Posted April 1, 2013 by in Rock



4/ 5


Producer: , ,
Genre: Rock
Producer: John McDermott, Jimi Hendrix, Janie Hendrix
Label: Legacy
Format: Digital download, compact disc, vinyl
Time: 52:42
Release Date: 5 March 2013
Spin This: "Earth Blues," "Let Me Move You," "Bleeding Heart," "Mojo Man"


Great production and intelligent assembly of songs; Hendrix breaking new ground past the Experience era


Some of the tracks have been heard in the form of other outtakes

Posthumous adventure surprises even the hardcore of Hendrix collectors

by J Matthew Cobb
Full Article

Posthumous adventure surprises even the hardcore of Hendrix collectors

Before you start to cringe over the fact that People, Hell & Angels is another one of those posthumous albums made up of lost tracks, mark my words carefully: This is good. Hendrix on a bad day is still a very good day, and this album ultimately proves that. Culled mostly from recorded sessions hoping to become the follow-up for Electric Ladyland, this set brilliantly showcases the superpowers of the legendary rock god, even as he’s just assembling the Band of Gypsys after dumbing The Experience. Amazingly, the production here – assembled by Hendrix, co-producer  and engineer Eddie Kramer – is the album’s soft spot. It sounds like it’s been persevered properly and hardly shows its age.

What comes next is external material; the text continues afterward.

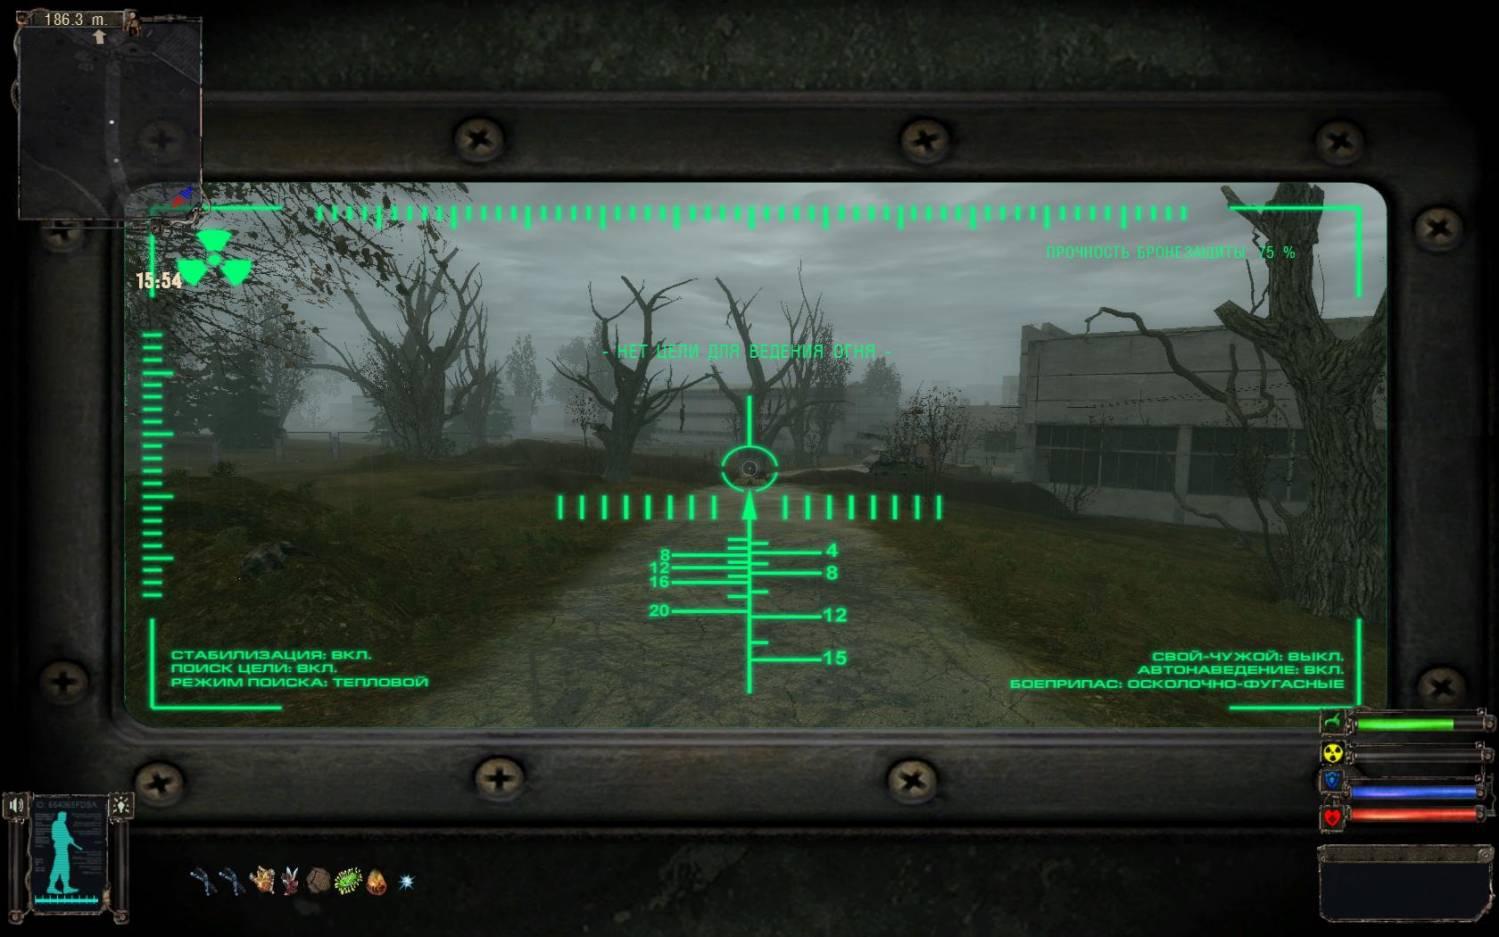 S. T. A. L. K. E. R. Ogse 0. 6. 9. 3 скачать торрент.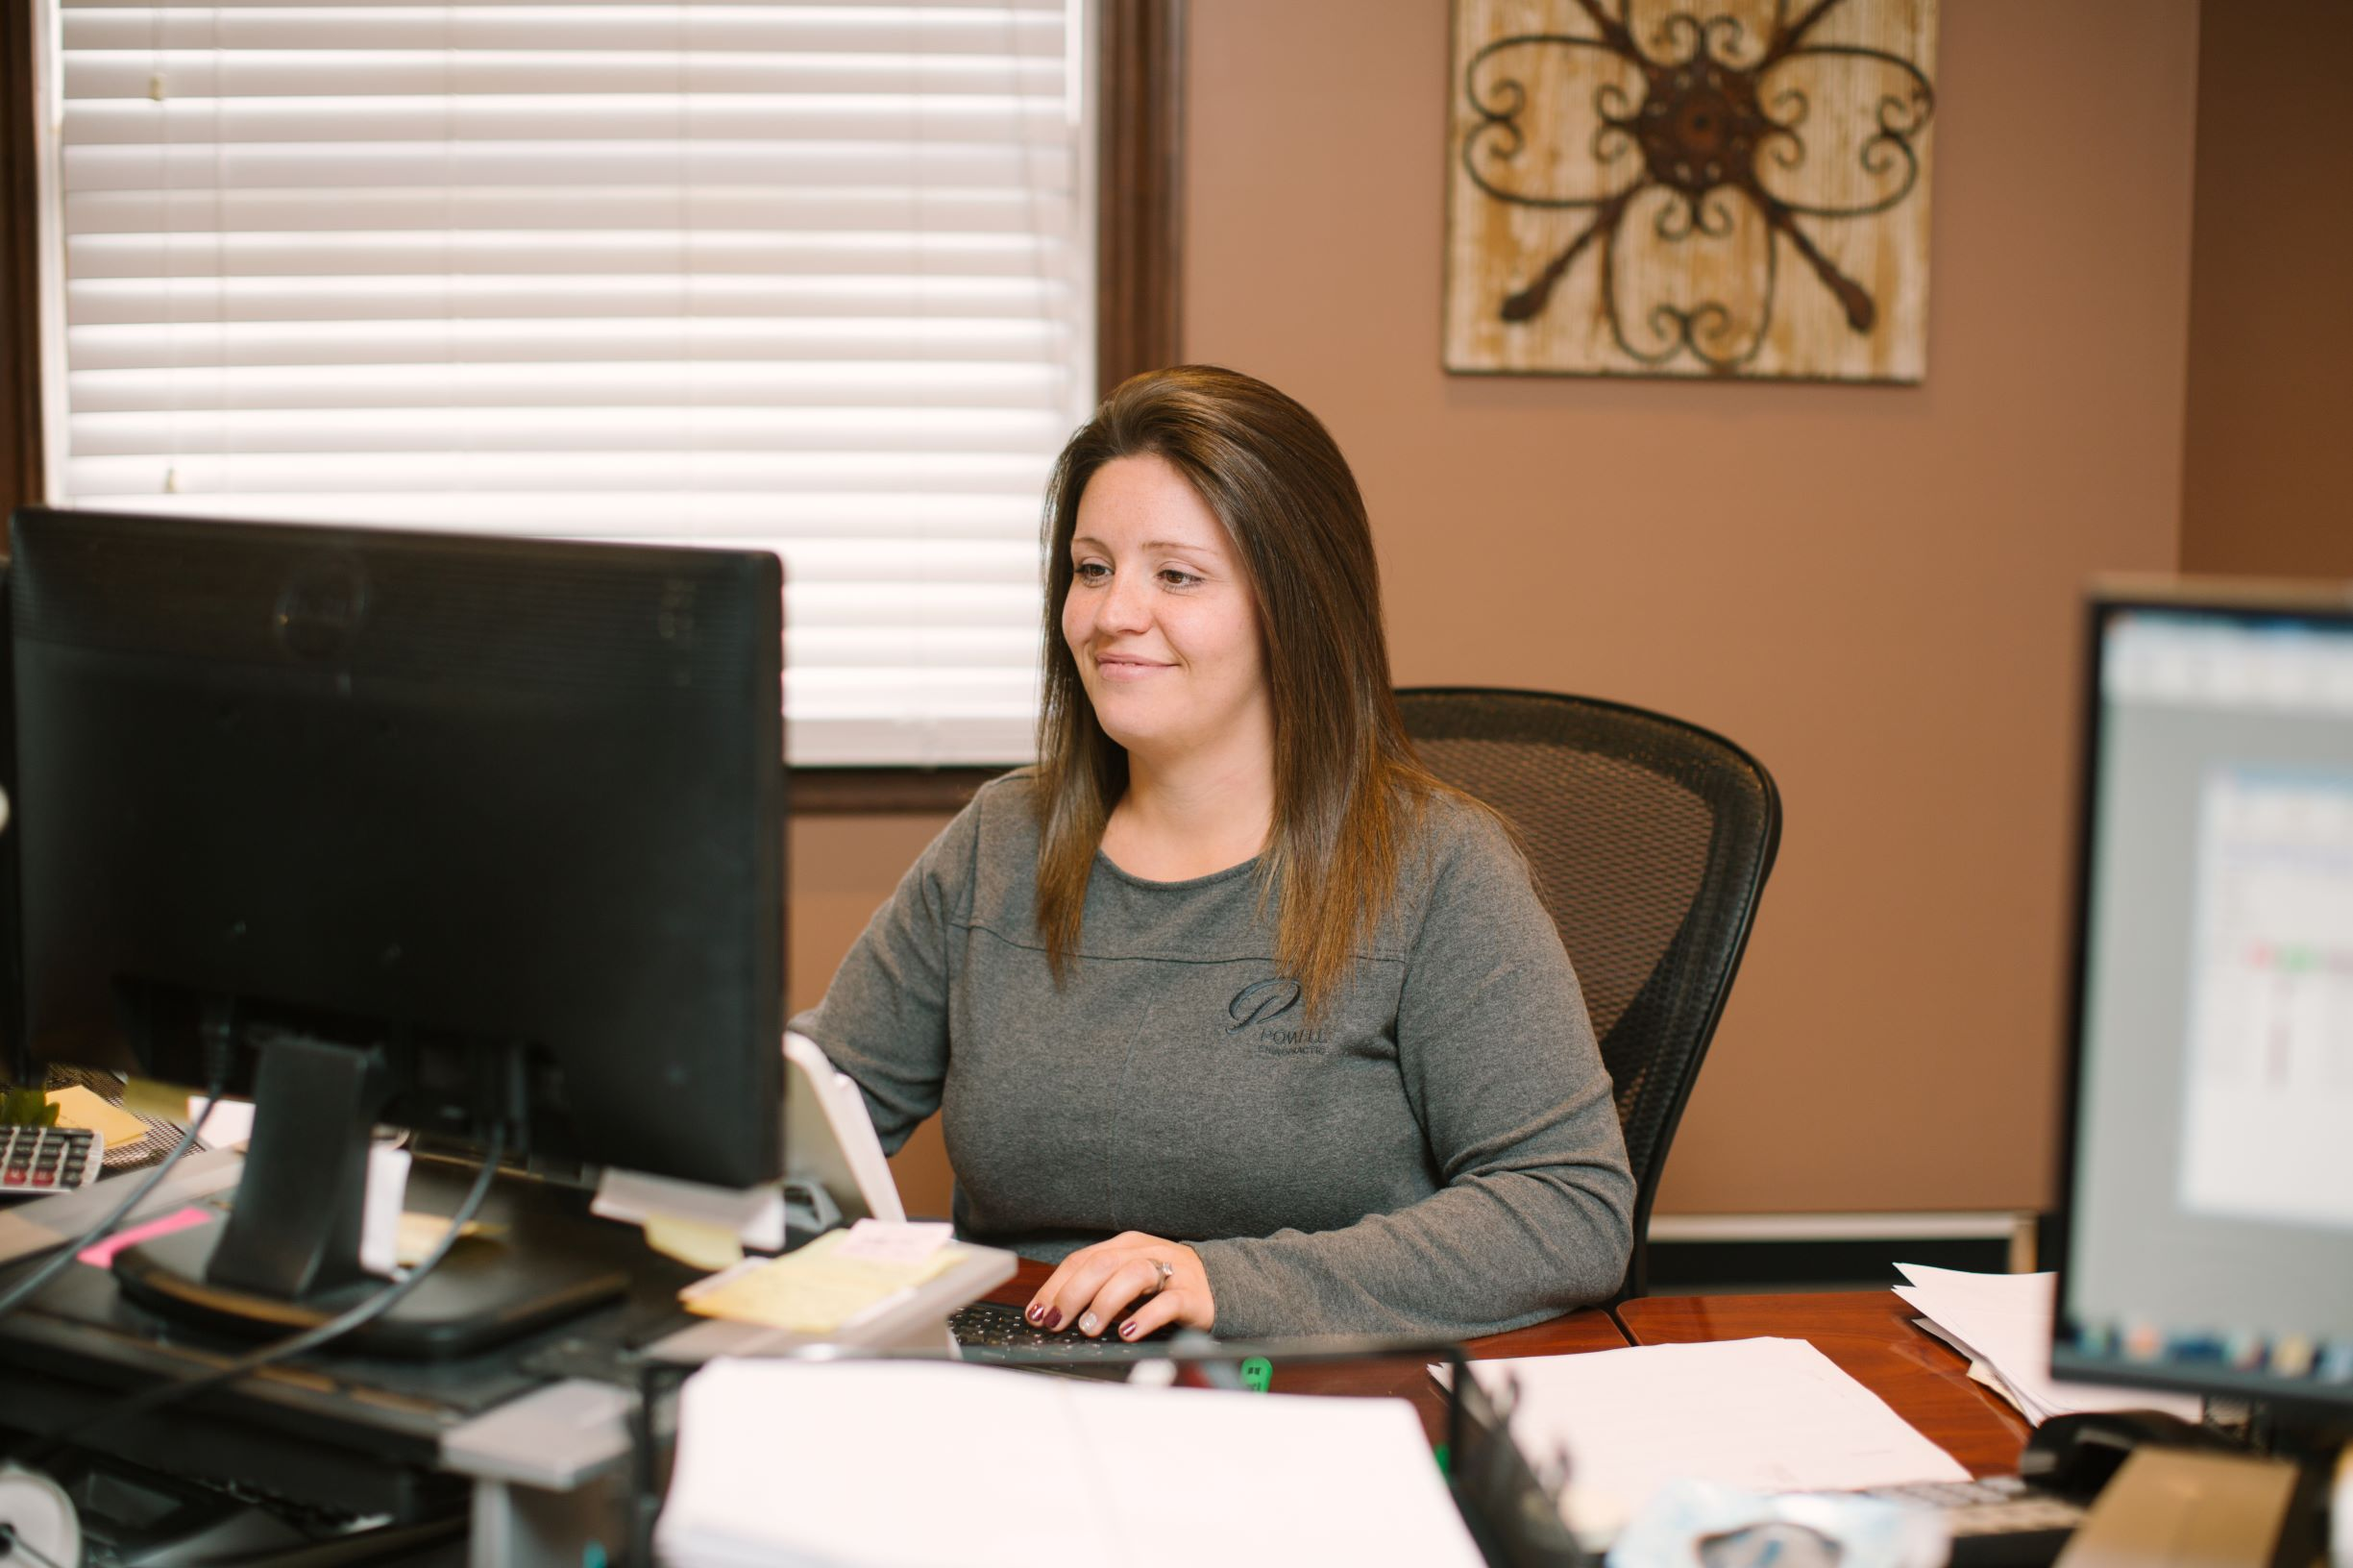 Amanda at desk

Obviously, the better tracks are thrust towards the front of the disc. “Earth Blues,” the first track, kicks out a Summer of Love jam, while showcasing a catchy “love love love” sing-a-long. Hendrix then cranks out more of his iconic guitar solos on the seven-minute display of “Let Me Move You,” which gives him a chance to work a song with James Brown gusto using outrageous wails and Stax ad-libbing. Lonnie Youngblood’s sax then transforms it into something the Blues Brothers would’ve envisioned for the perfect finale’. “Somewhere” is seriously blues-drenched, so is Hendrix’s invocation of Elmore James’s “Bleeding Heart,” which showcases a deep bass that feels Roots-like. He’s tried the tune out in various forms, one as a 12-bar slow version and one on 2010’s Valleys of Neptune. The 2013 version is like the baby boy bear’s bed on Goldilocks; it’s not too hard, not too soft, it’s just right.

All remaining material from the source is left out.